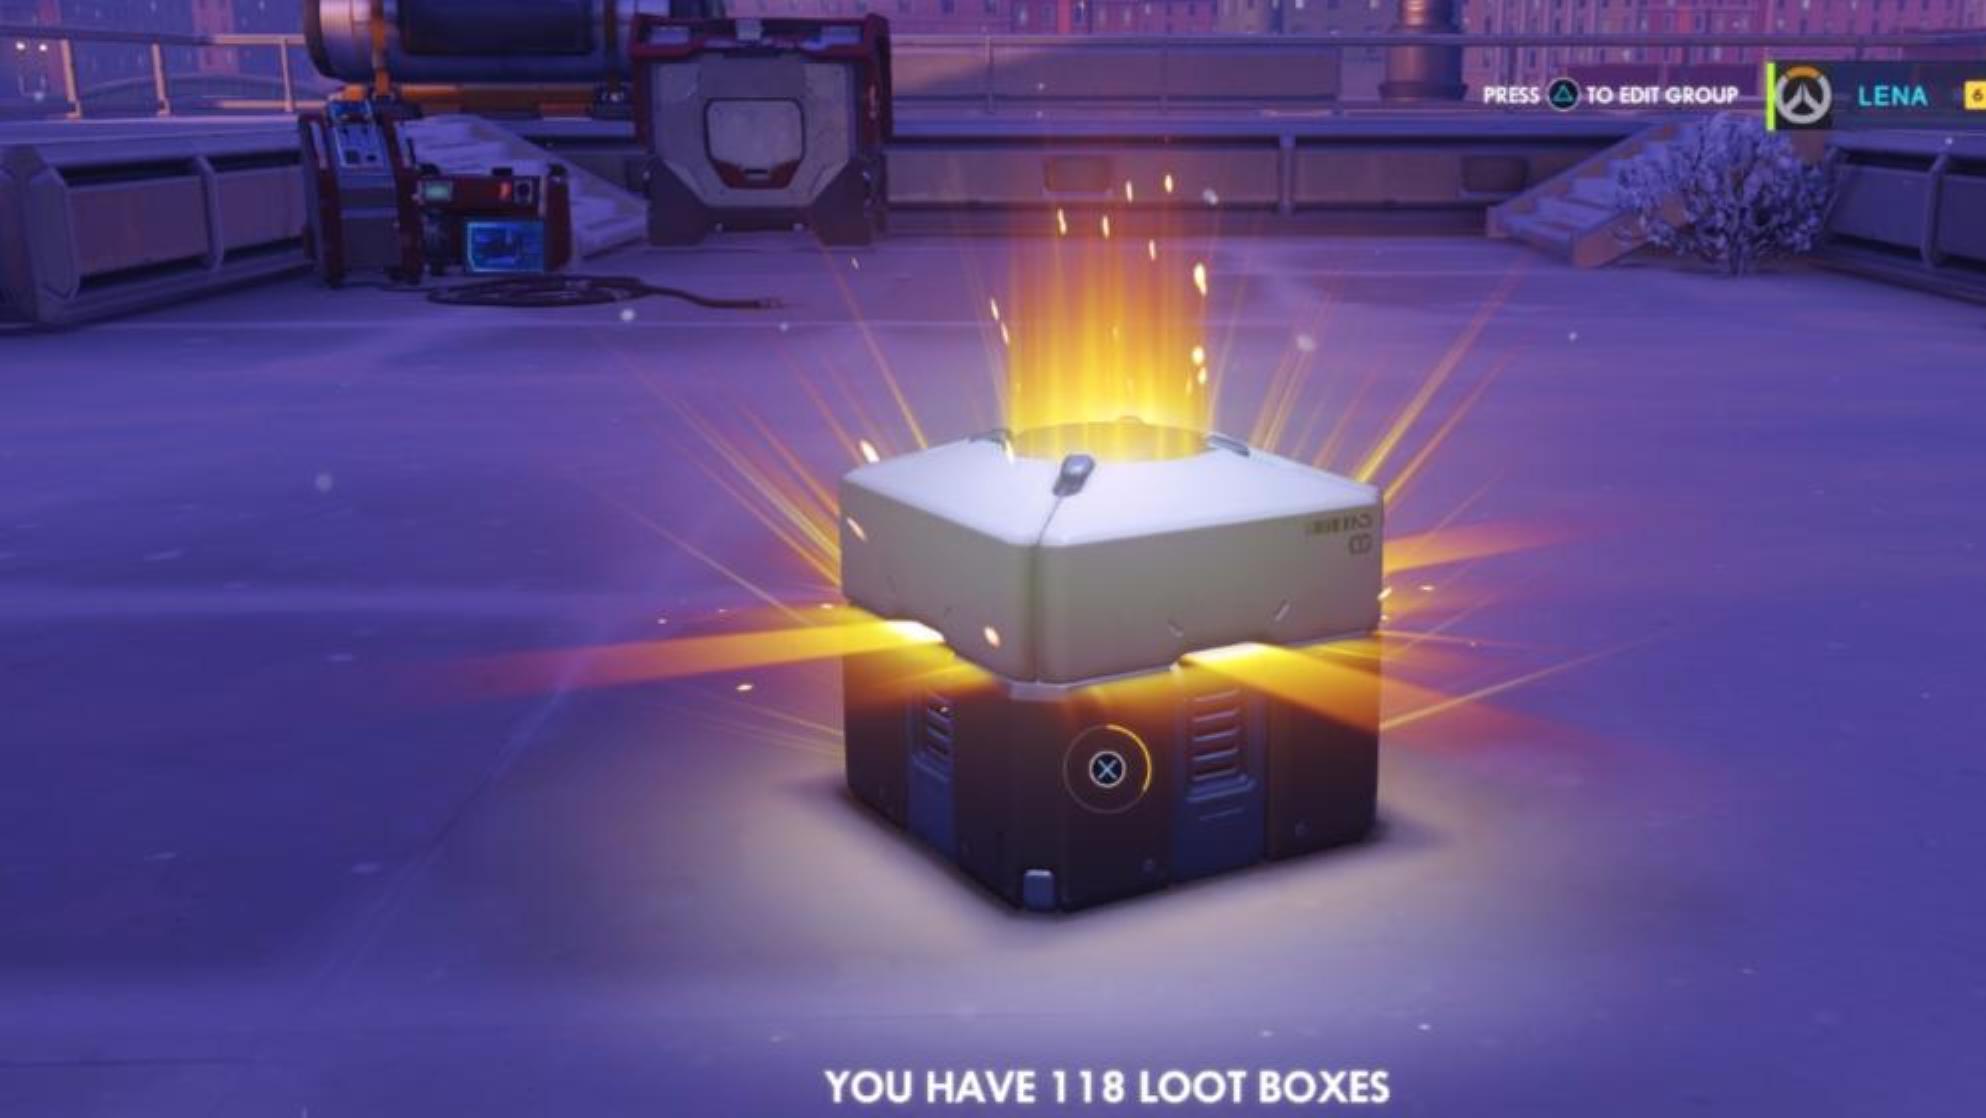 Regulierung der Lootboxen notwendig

...

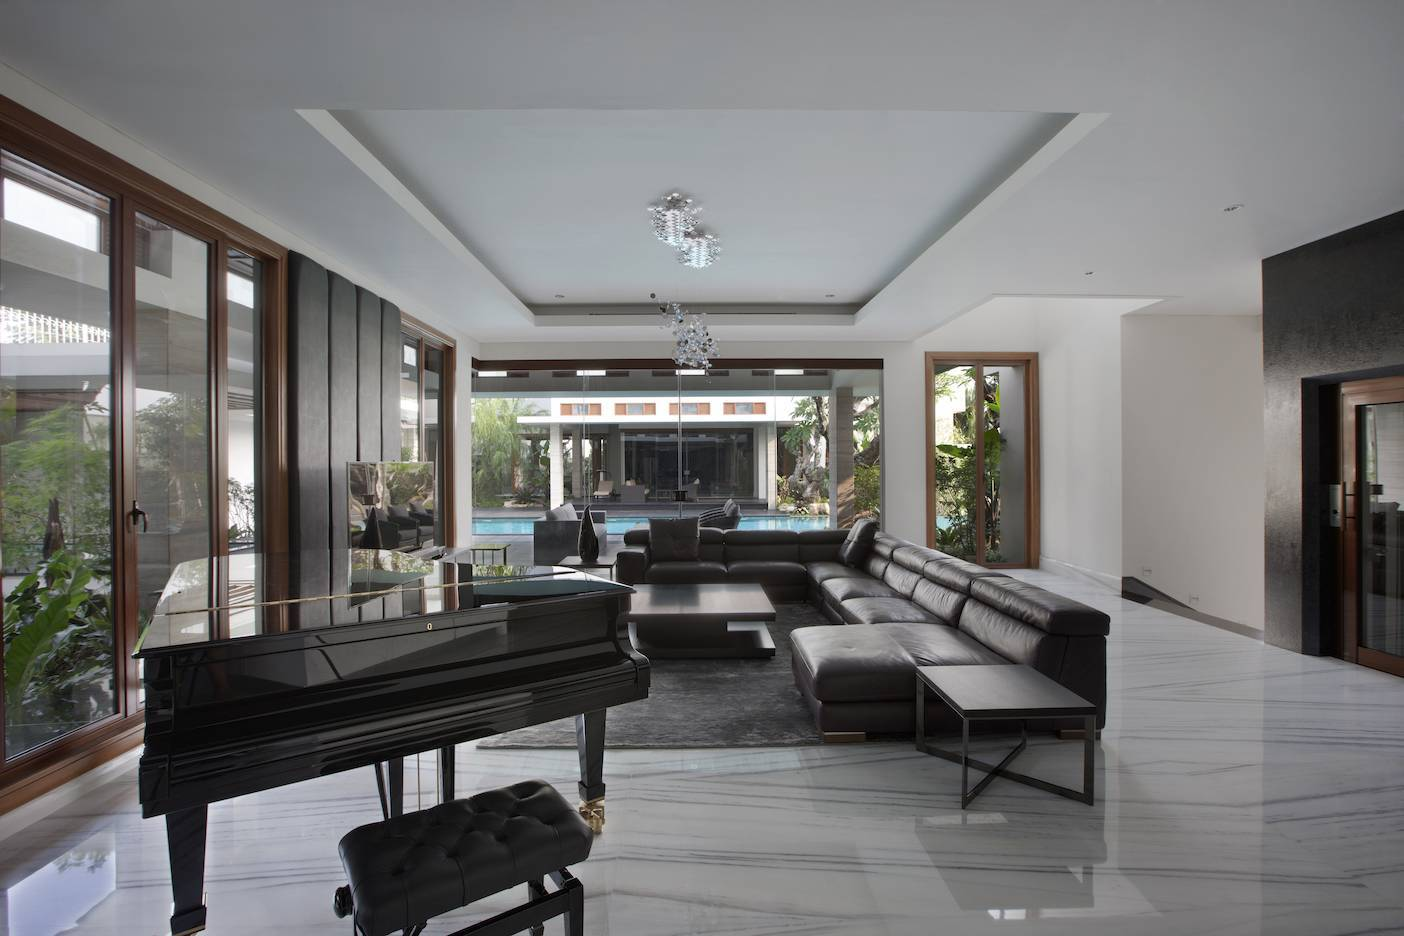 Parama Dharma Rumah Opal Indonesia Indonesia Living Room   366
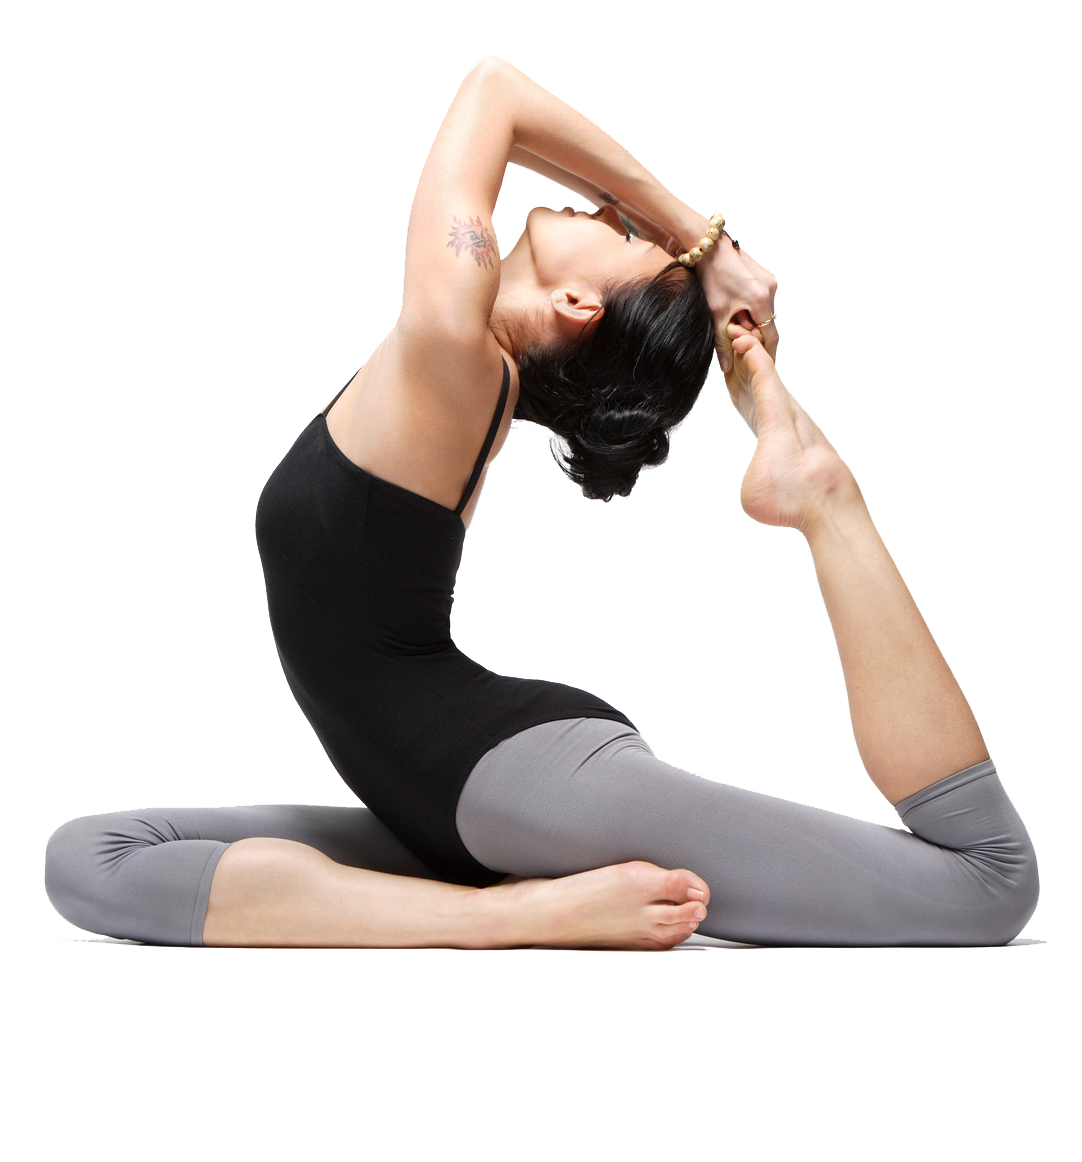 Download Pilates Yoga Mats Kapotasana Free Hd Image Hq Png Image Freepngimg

* _Work required_:
Repeat, word for word, the lines of the material above from the one holding "Parama Dharma Rumah" through the one holding "Download Pilates Yoga". Leave out pictures.

* _Solution for this exercise_:
 Parama Dharma Rumah Opal Indonesia Indonesia Living Room   366
 Download Pilates Yoga Mats Kapotasana Free Hd Image Hq Png Image Freepngimg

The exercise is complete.